The market displayed a degree of resilience on Monday, with the S&P 500 paring earlier losses to add 0.02% and the Nasdaq 100 advancing 0.4%, despite escalating U.S.-China trade tensions that saw the Dow Jones Industrial Average fall 0.4%. This market behavior follows a strong May where the S&P 500 gained over 6%, its best monthly performance since November 2023, while the Nasdaq Composite surged over 9%. Current headwinds stem from a renewed war of words, with China refuting U.S. accusations of violating a trade agreement, and President Trump announcing an intention to increase steel import tariffs to 50% from 25%, effective June 4. This specific tariff news directly benefited U.S. aluminum and steel producers such as Cleveland-Cliffs Inc. (CLF), Nucor Corporation (NUE), and Steel Dynamics Inc. (STLD), which saw their shares surge. Conversely, chip stocks including Nvidia Corp. (NVDA), Marvell Technology, Inc. (MRVL), and Taiwan Semiconductor Manufacturing Company Ltd. (TSM) managed to cut losses despite reports of potential tightened U.S. restrictions on China's tech sector targeting subsidiaries of sanctioned firms. Energy stocks, including APA Corporation (APA), EQT Corp. (EQT), and Coterra Energy Inc. (CTRA), also rose sharply after OPEC+ announced a July oil production increase of 411,000 barrels per day, a development perceived as a relief by the market. Investors are now keenly awaiting upcoming U.S. economic data, particularly PMI figures and the May nonfarm payrolls report (forecast at 130,000 new jobs, down from April's 177,000), for further direction.

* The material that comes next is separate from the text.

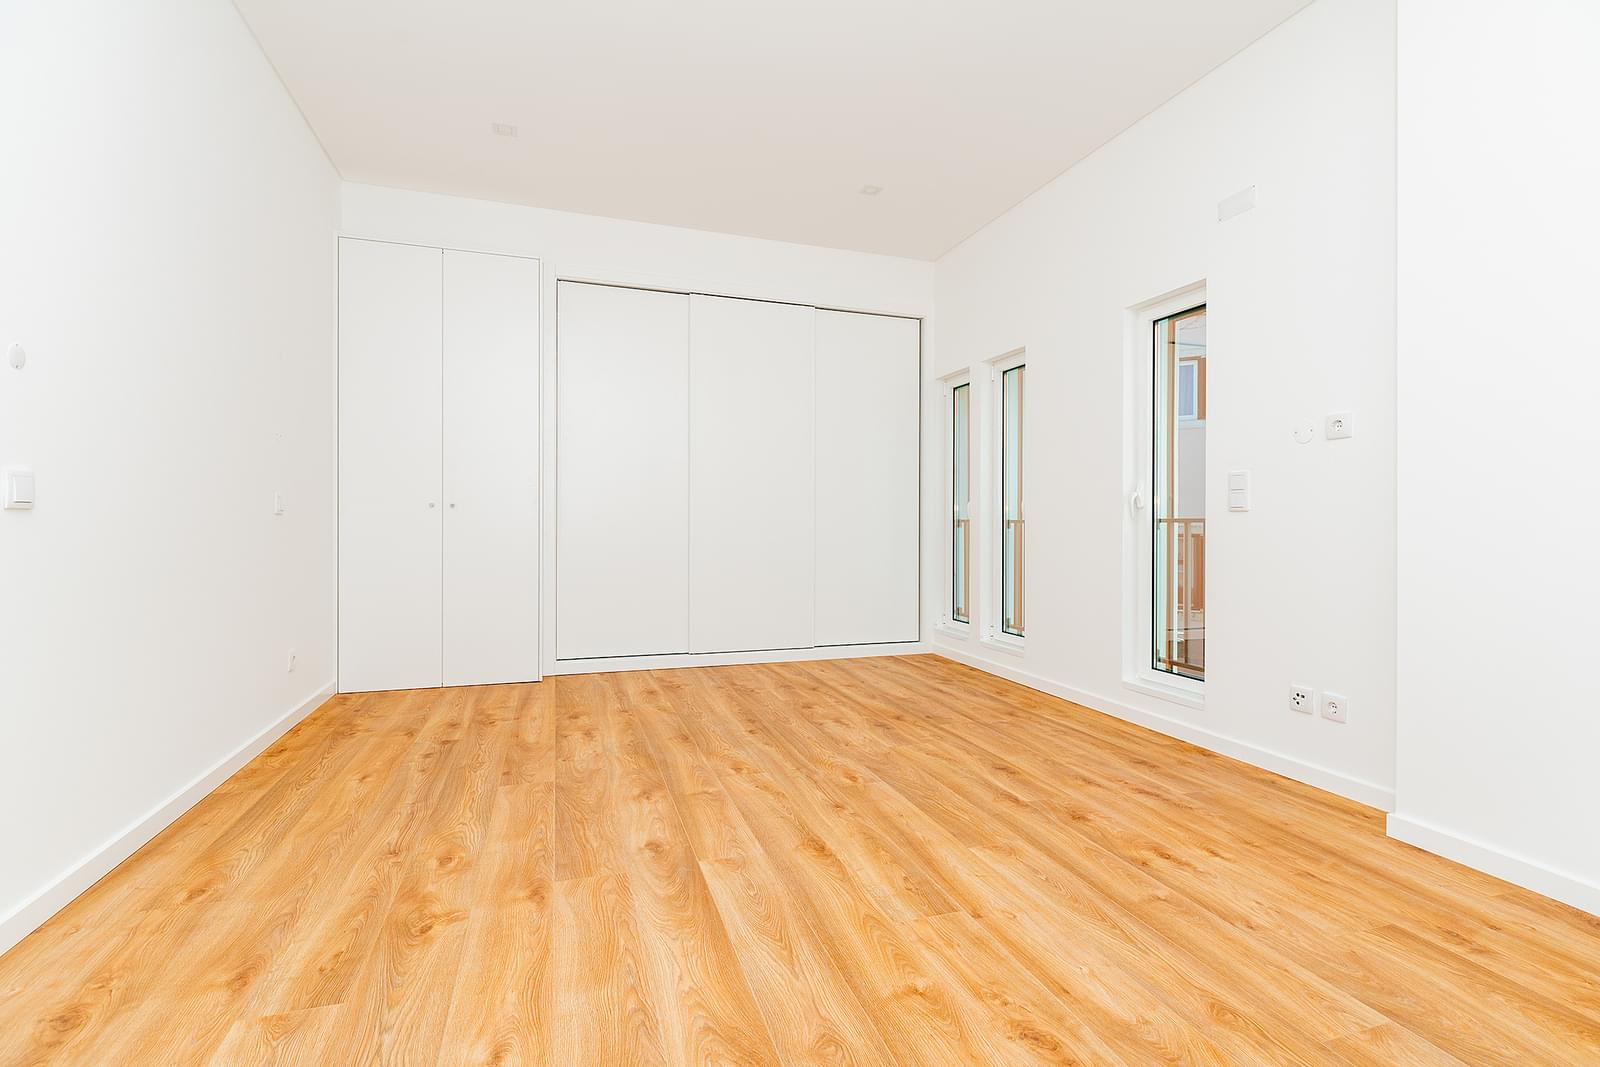 pf18413-apartamento-t1-lisboa-4b93c56a-ba75-4ba6-9d2d-bf4f42931aa6

Federal Reserve commentary remains a key watchpoint; while Chairman Powell offered no new monetary policy insights, Governor Christopher Waller suggested potential interest rate cuts later in the year if inflation moves towards the 2% target and employment remains solid, viewing tariff-induced inflation as likely non-persistent. The overall market sentiment is characterized as mixed with an uncertain tone, reflecting these conflicting geopolitical developments and economic outlooks, underscored by a high market impact score of 0.75.